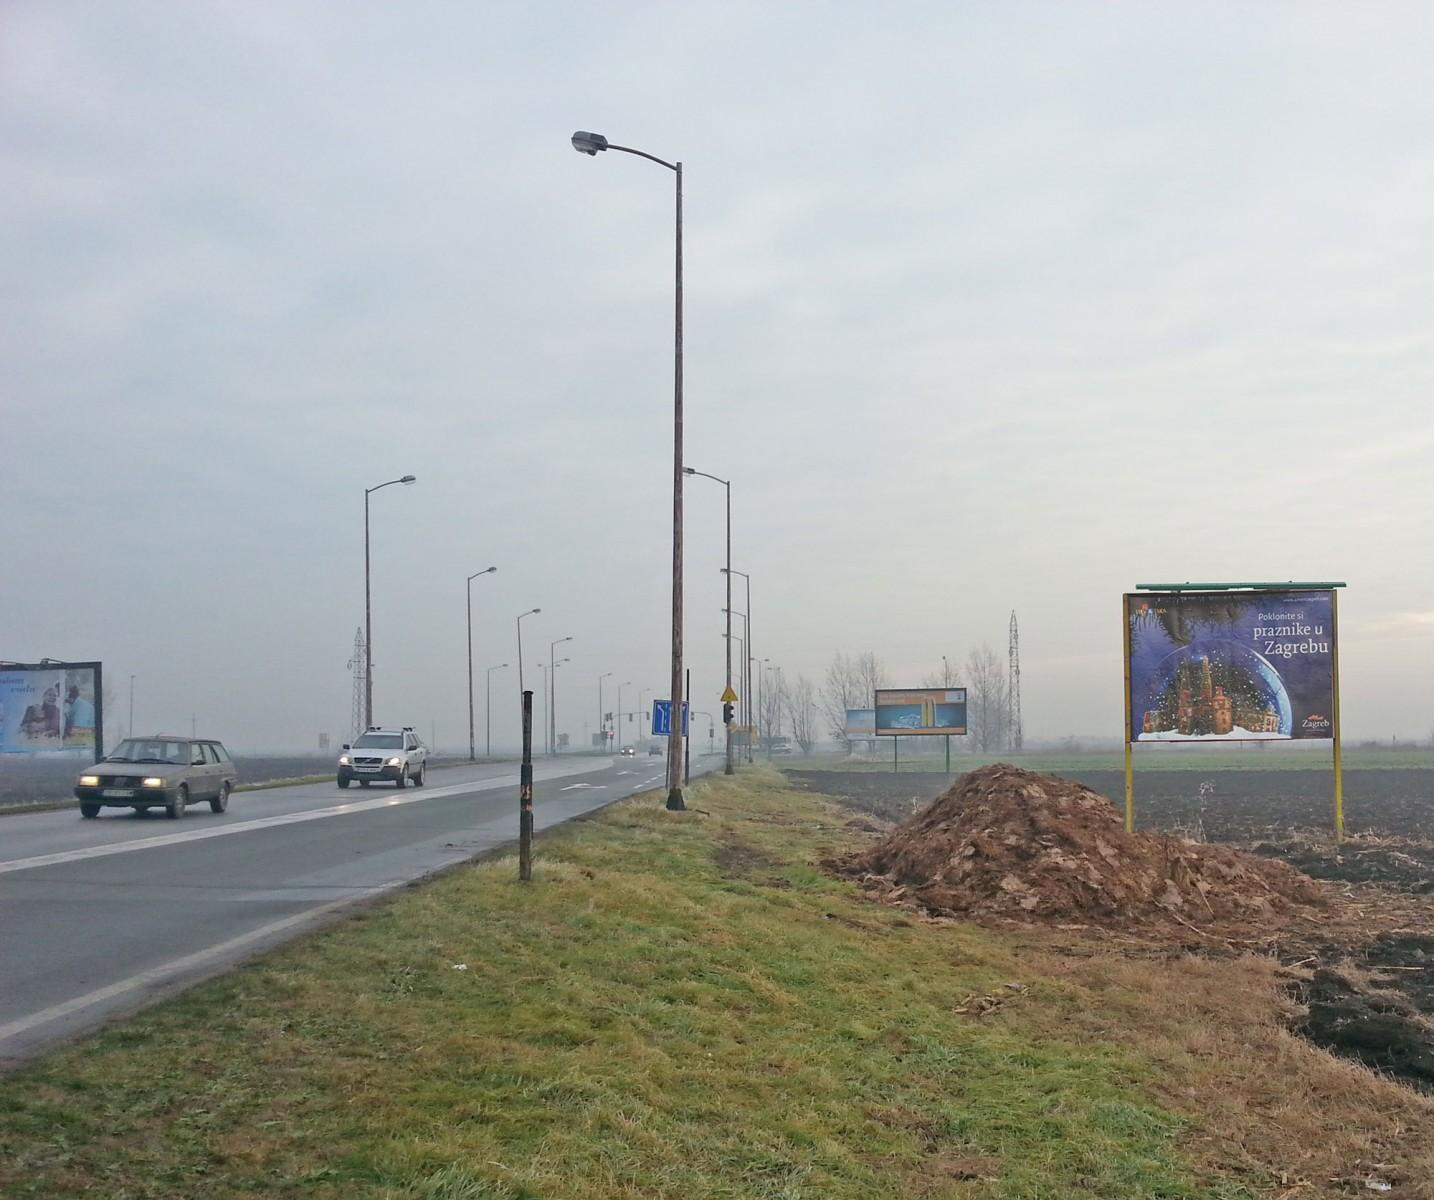 Bilbord Novi Sad NS-51
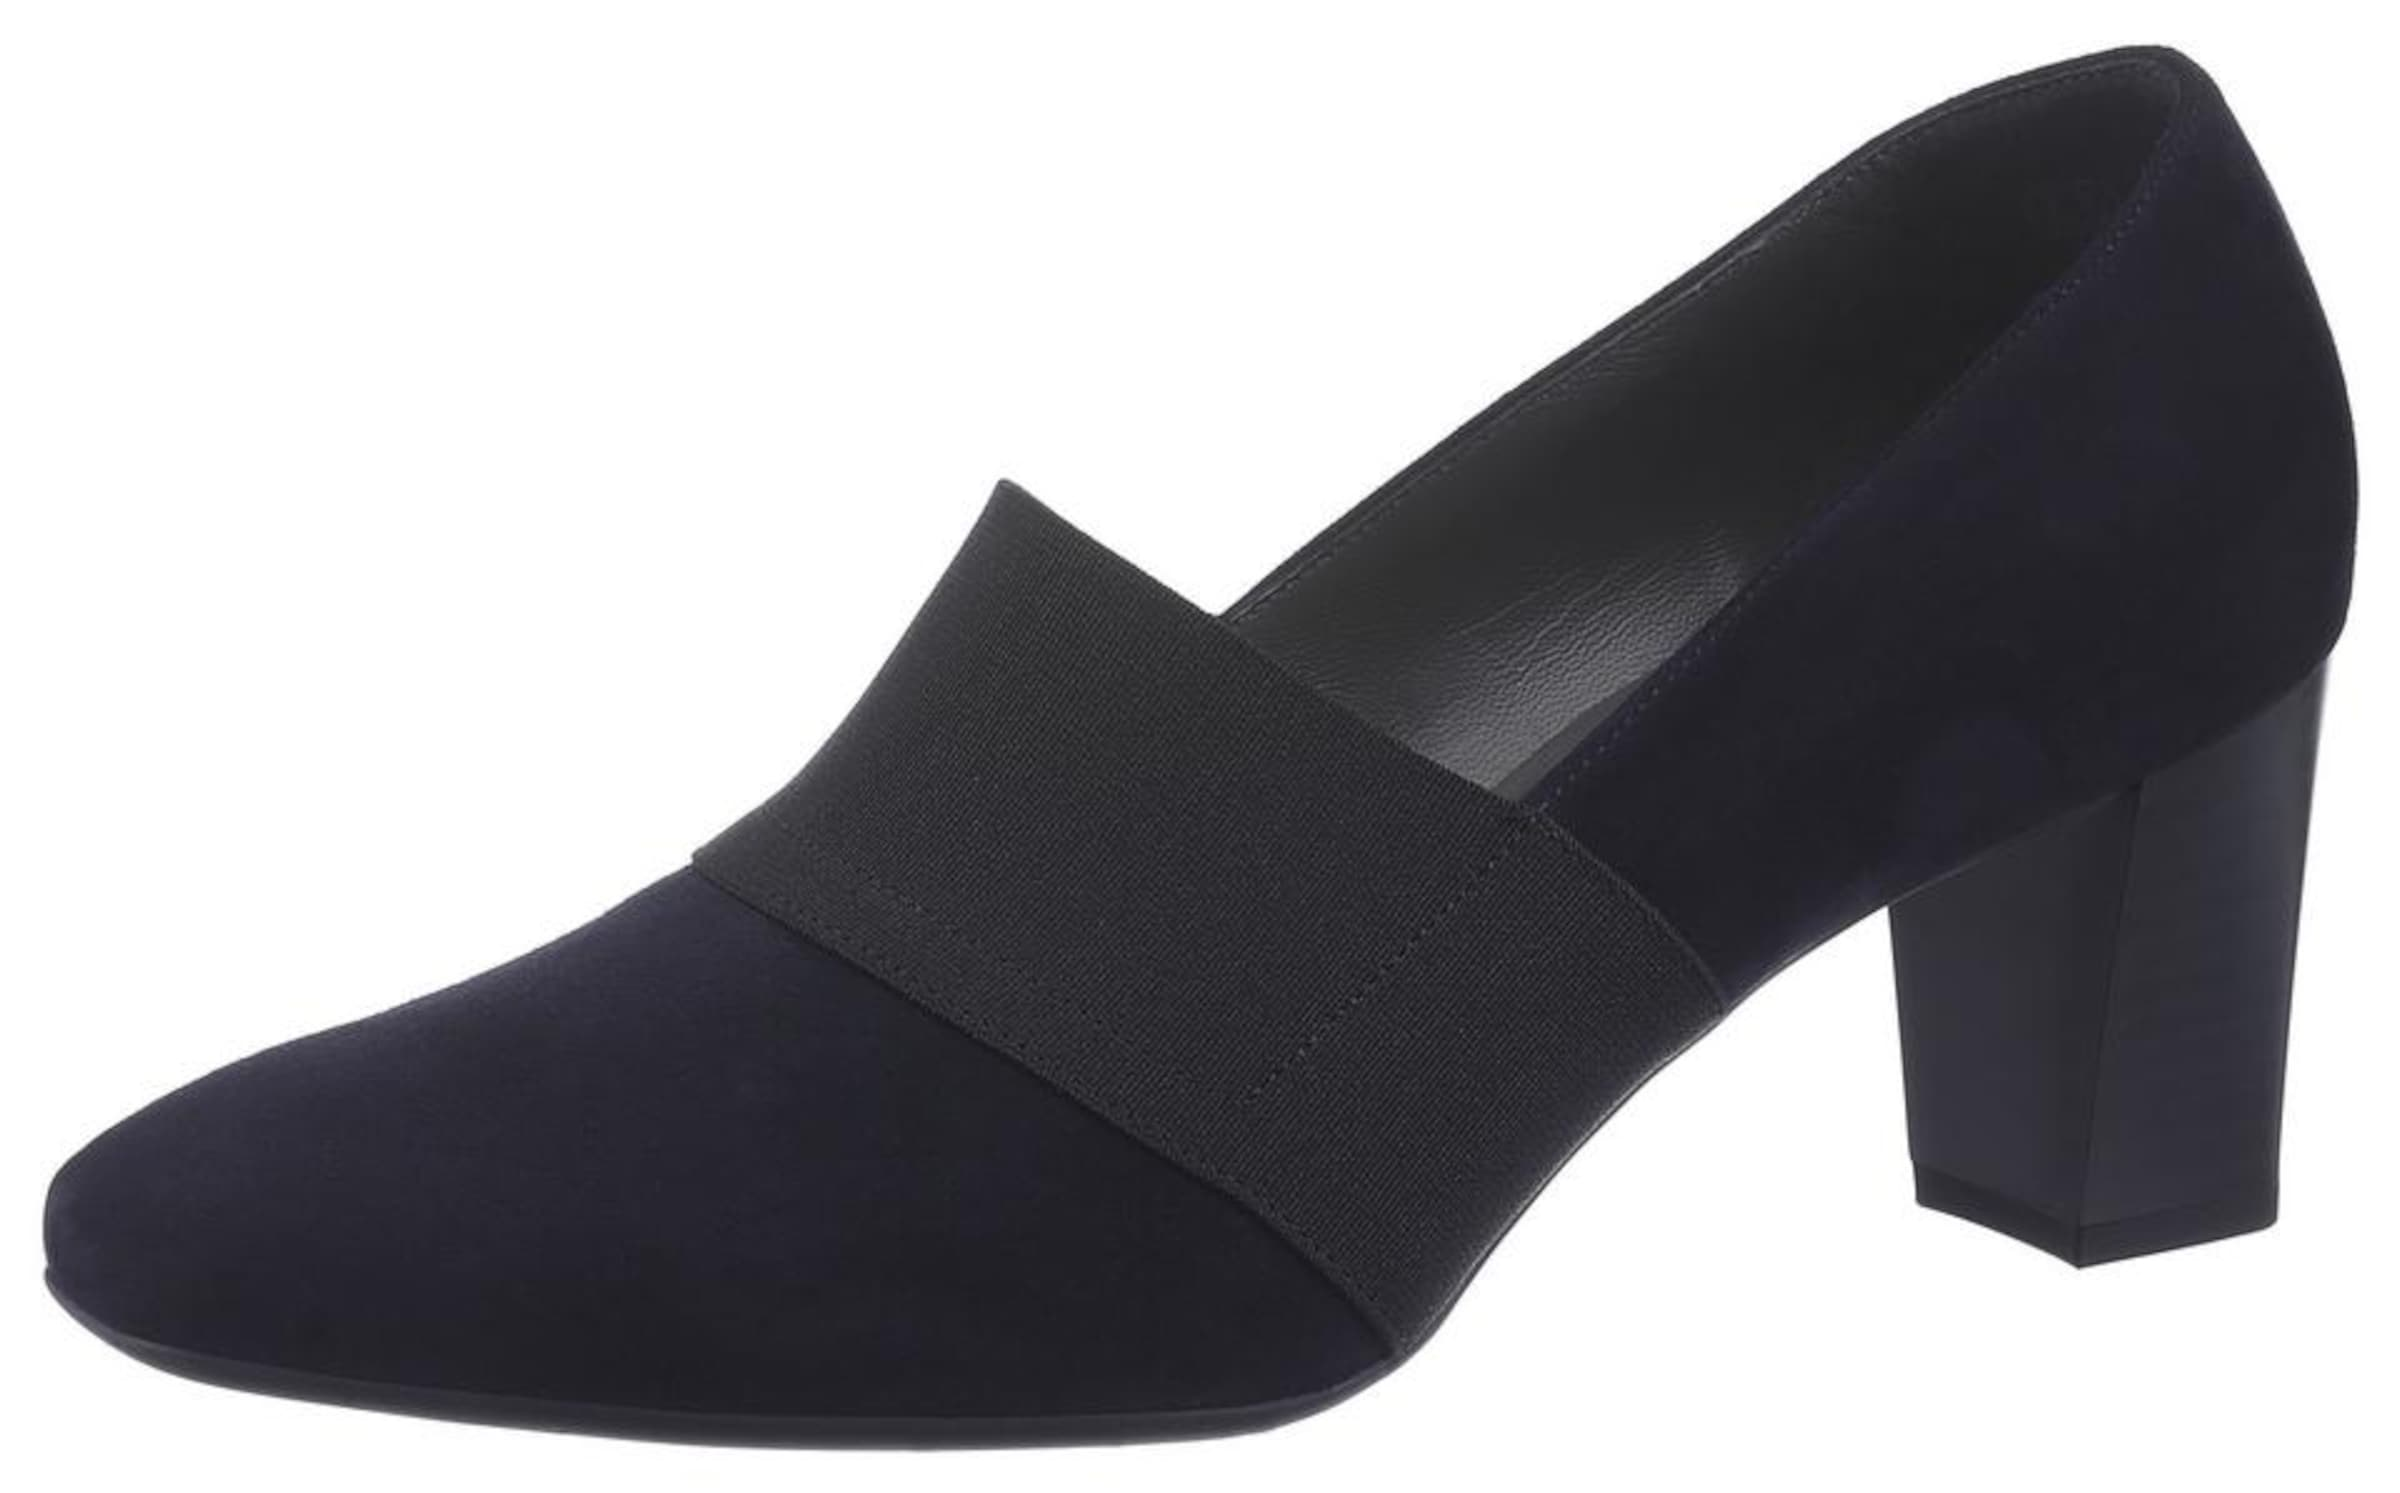 Haltbare Mode billige Schuhe PETER KAISER | Hochfrontpumps 'Dorna' Schuhe Gut getragene Schuhe
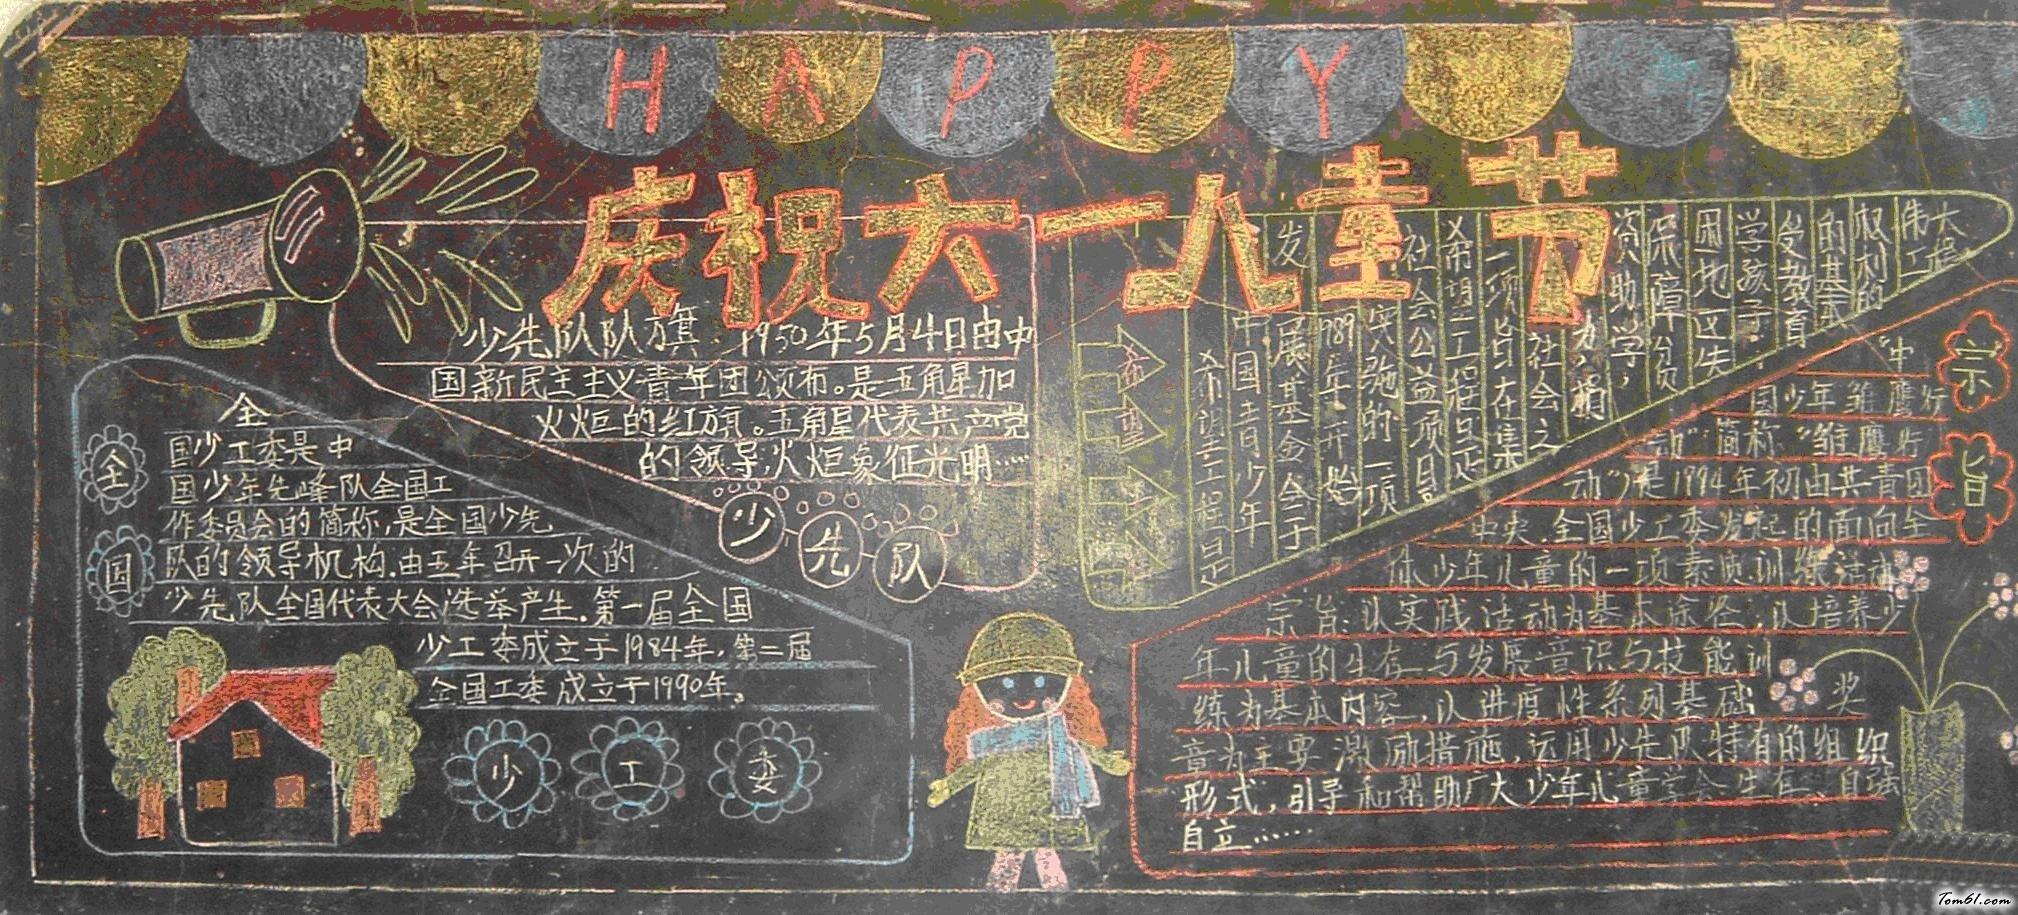 61儿童节黑板报版面设计图

------------------------------------------------

EXERCISE REQUIREMENTS: Repeat the data above in full and exactly. Omit every image.

RESULT:
 Bilbord Novi Sad NS-51
 Haltbare Mode billige Schuhe PETER KAISER | Hochfrontpumps 'Dorna' Schuhe Gut getragene Schuhe
 61儿童节黑板报版面设计图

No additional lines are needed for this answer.